Are you curious about how we can use Wikipedia for SEO with Python? Let’s get it started and I’ll show you how!

1.- Getting familiar with the Wikipedia API

To start with, we are going to get familiar with this API and show the main methods that we are going to make use of and apply to SEO in the next sections.

The first basic step that we will need to do is installing the Wikipedia library:

pip install wikipedia

And importing it in our notebook to start using it:

import wikipedia

Now that we have already imported the library, we can start using the main methods. I have summarized the methods that we are going to use for SEO purposes in the following list:

  1. wikipedia.set_lang(“yourlanguage”): first we need to enter the Wikipedia language version that we would like to access.
  2. wikipedia.search(“yourquery”): this method will return a list with the suggested Wikipedia pages that are related to the entered query.
  3. wikipedia.summary(“wikipediasuggestion”): we will get the summary from a page. It is important to use one suggested page from the list which is gotten after running wikipedia.search(“yourquery”). If your argument does not match any existing page, then the API will not be able to retrieve any data.
  4. wikipedia.page(“wikipediasuggestion”): we will get the content from a page. It is important to introduce as an argument an existing page to retrieve the data. We can specify the piece of content that we would like to access:
    1. Whole HTML: with wikipedia.page(“wikipediasuggestion”).html()
    2. Content: with wikipedia.page(“wikipediasuggestion”).content
    3. References: wikipedia.page(“wikipediasuggestion”).references
    4. Links: wikipedia.page(“wikipediasuggestion”).links
    5. URL: wikipedia.page(“wikipediasuggestion”).url

Even if we can specify the piece of content that we would like to get with wikipedia.page, I feel that this function is quite limited hence to get a specific piece of content what we are going to do is retrieving the whole HTML code and parsing it with BeautifulSoup.

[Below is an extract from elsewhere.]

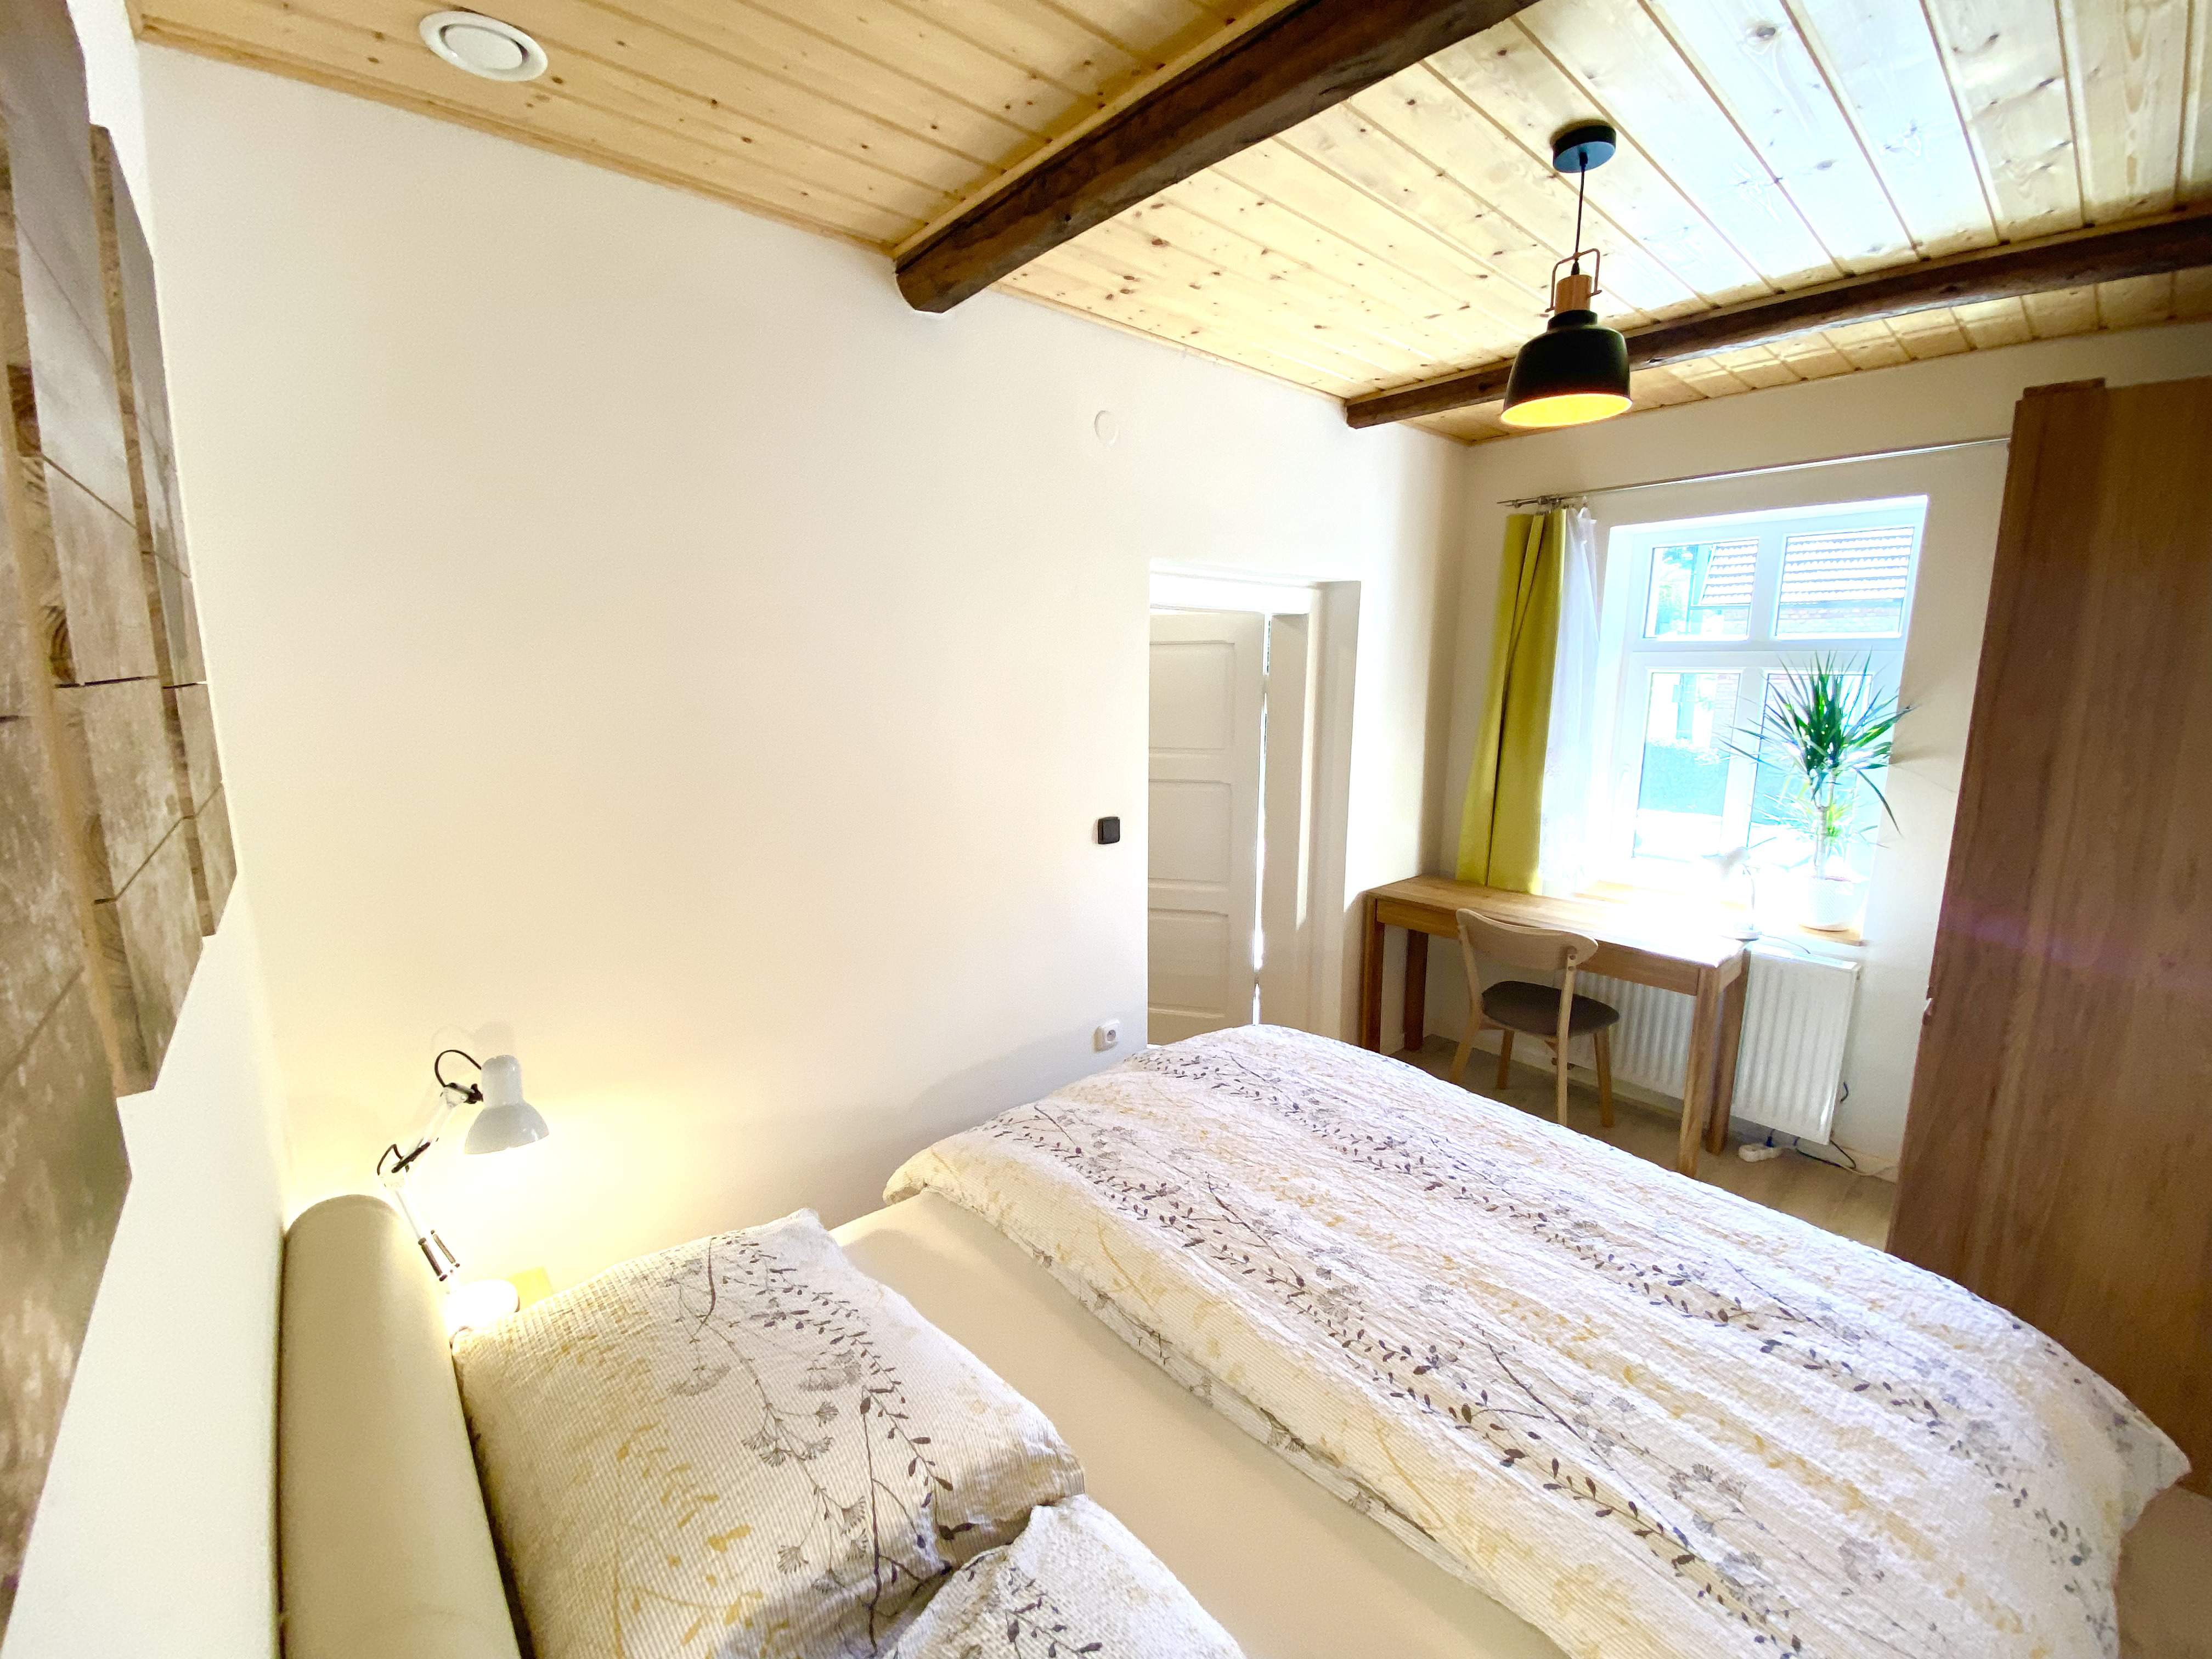 V 1. patře Stodoly je jedna útulná ložnice s manželskou postelí (160cm). Je zde také umístěn psací s

2.- Finding Search Entities

Finding search entities is very easy. Basically, the only thing you need to do is using the method search and inserting your query as an argument. This will return a list of suggested entities from which you can choose the one which meets the best your intent.

Let’s run an example with the query: “Spurs”.

suggestions = wikipedia.search("Spurs")

This will return a list which comprises:

As you can see in the image above, the list with the entities for the query Spurs contains two basketball teams, a football team, the term “spur”, etcetera… If you are interested in finding entities, you can also use the Google Knowledge API and the Google Spreadsheet that I created that makes it easier.

In order to find linkbuilding opportunities we will use mainly two tactics:

  • Second tier links: we will scrape all the links from a page and we will create a list with those pages. These pages which are linked from the Wikipedia page could be valuable and indirectly we could benefit from the Wikipedia link authority if we manage to place a backlink pointing to our website on any of these linked pages.
  • Direct links from Wikipedia: we will check the status code from the extracted links and if any of them is returning a 404 response code, we could create a page with the required information and ask to Wikipedia to link to our page instead.

So, let’s first create the list with the links. For that, we will use the whole HTML code, we will parse it with Beautiful Soup and we will store the anchor text and the targeted pages into a list.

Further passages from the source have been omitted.